Thanks for your kind words. As for pushing the envelope in a 2nd opinion, I have never done that and wouldn’t want to take on a client who asks me to do so. Maybe I’m gullible, but I believe the great CPAs who are the target of this article would not do such a thing. And one who does so likely won’t give the answers you are looking for on the other questions. Of course, I’m talking about dabbling with illegality, not taking a position regarding a reg that is open to interpretation in favor of the client.
I am apparently one of those “cost-conscious” clients…..but I can’t lie. I don’t like being billed 54 dollars for someone to download my 2MB Quickbooks file to their server. Or 96 dollars for exporting an accountant copy of my file. My taxes have become much simpler over the last 2 years as I have divested many rental properties, and other holdings. Seems like the cost just keeps going up. I don’t understand why I get charge nearly 1000 dollars per entity. I have 2 entities that have less than 2 dozen transactions per year, and I get charged the same for that as I do for the entity that does 1000 transactions or more a year. I like the idea of an FPA, but my CPA doesn’t believe in doing any kind of estimates or asking for authorization ahead of time. Case in point, I needed a QBO file review so I could make some quarterlies. I was VERY specific that if it is going to be over 2 hours (they charge 135 an hour for a jr accountant review of stuff) that I wanted to know because I needed to decide if it’s worth it or not….what happened? I get bills totalling more than 700 dollars, including the nonsense noted in the first couple sentences.
One good thing about the DIY approach- You won’t rip yourself off on purpose!
Plus, it pushes you to simplify, which is usually good for life and often even better for your finances.
Yep. Wife is starting fellowship next week and downsizing from a 5000 sqft house with a pool and an acre of citrus trees to a two bed apartment in the city in Miami. Selling everything in the house right now. Verycathartic . Just need to figure out non cash donation strategies for what I can’t sell and end up giving to good will. Worse issues to have I guess.

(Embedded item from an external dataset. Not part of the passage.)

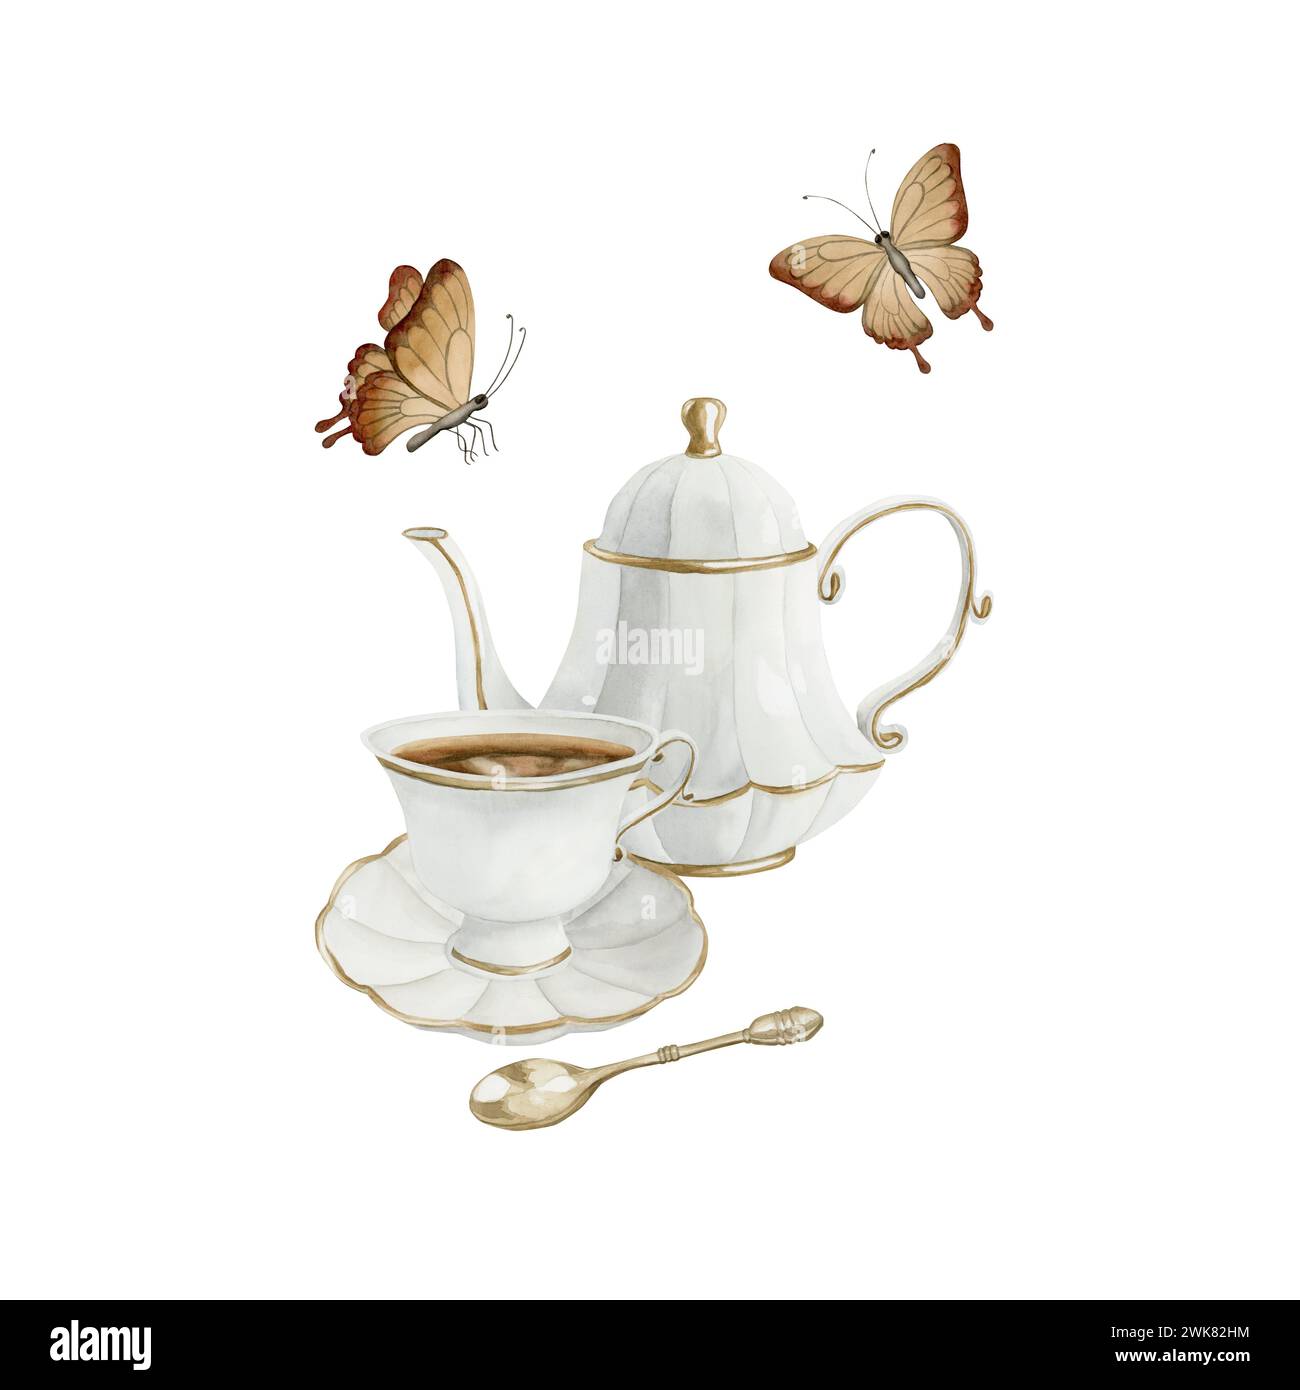 Composizione di teiera in porcellana bianca, tazza da tè e piattino con bordo dorato, cucchiaio da tè in metallo dorato e farfalle. Stile vittoriano. Illustrazione acquerello Foto Stock

Sounds like you need to get a 2nd opinion on tax preparation. As I said above, I never cease to be amazed at the people who stick with CPAs when they are not happy.
As for non-cash donations, I highly recommend you get a copy of Deduct It! Deduct It! (http://amzn.to/2diT5N9) – you will be amazed at the deduction you’ll get if you only keep track of it. This is better than the Goodwill site, btw – very detailed information and priced according to shape the item is in (Good, Fair, Poor). We have given these away for years to clients who have told us they are moving and I use it myself when I clean out clothes every year. Worth its weight in gold (well, almost).

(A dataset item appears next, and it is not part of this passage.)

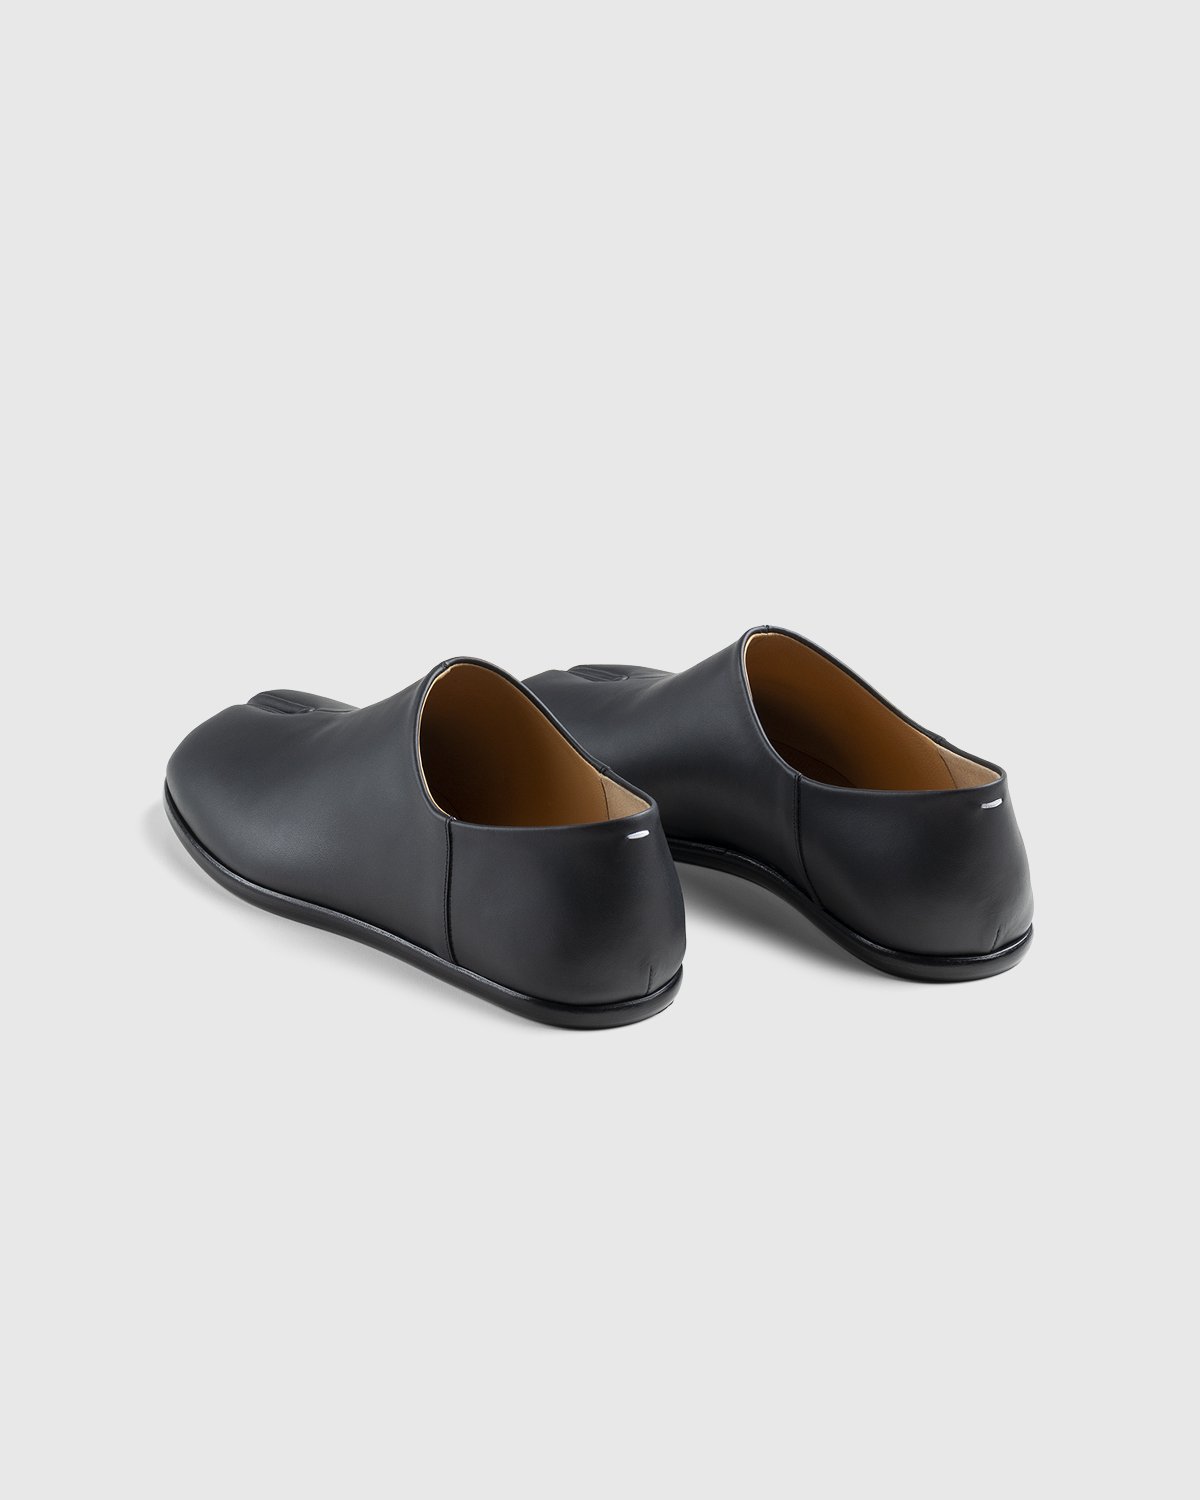 Maison Margiela - Tabi Slip On Black - Footwear - Black - Image 4

Great post! Perhaps there are doctors out there with very simple taxes, but for most, our income is high enough and finances complex enough to warrant an aggressive, knowledgeable tax professional. I would liken it to patients who self-diagnose and treat themselves. Every sniffle and scratch may not deserve a doctors visit, but as the acuity and severity increases, seeing your doctor becomes more and more necessary or even required. Sometimes the outcome of self-diagnosis is benign, but sometimes the outcome is crippling or even lethal.
But you also have to find the right accountant. When I first got out of my surgical residency, my accountant was a friend from church. He was nice and honest but was not very aggressive. We got the easy deductions, but I couldn’t shake the feeling that I was leaving a lot on the table. As my income went up, my taxes seemed to increase exponentially. I was working from January until May/June just to pay taxes.
Thankfully, I made a change quickly. I talked to other doctors and found a great, proactive tax professional who specializes in doctors and other professionals. We looked at my finances and made several necessary changes. Now, I easily save between $50-75,000 per year on my taxes. (How much money do you have to bill to put $50-75K in your pocket? For me, it’s north of $200K in billing. That’s a lot of gallbladders to remove!) It costs me less than 30 minutes per month and about $3-4,000 annually. Could I have done it without him? Maybe. But considering the time I save and cost savings, it is WAY worth it to me.
If you wonder if you need an accountant, you probably need one. If you don’t like your current accountant or you are being “nickeled-and-dimed” to death, get a new one. You can do a nation-wide search if necessary. There’s no reason your accountant can’t live out of state.
“Now, I easily save between $50-75,000 per year on my taxes.”
I’m sure all readers would like to know the tax-planning techniques used by your CPA to save you $50-75k per year. Can you explain, in general terms, what they are?
Sure. Let me start with run everything through your own tax planner, because your situation is likely different from mine. Also, I’m not interested in being a test case in tax court with the IRS, but I am very interested taking advantage of any legal means of lowering my tax bill. So, if it requires a little paperwork on my part, I have no problem with that.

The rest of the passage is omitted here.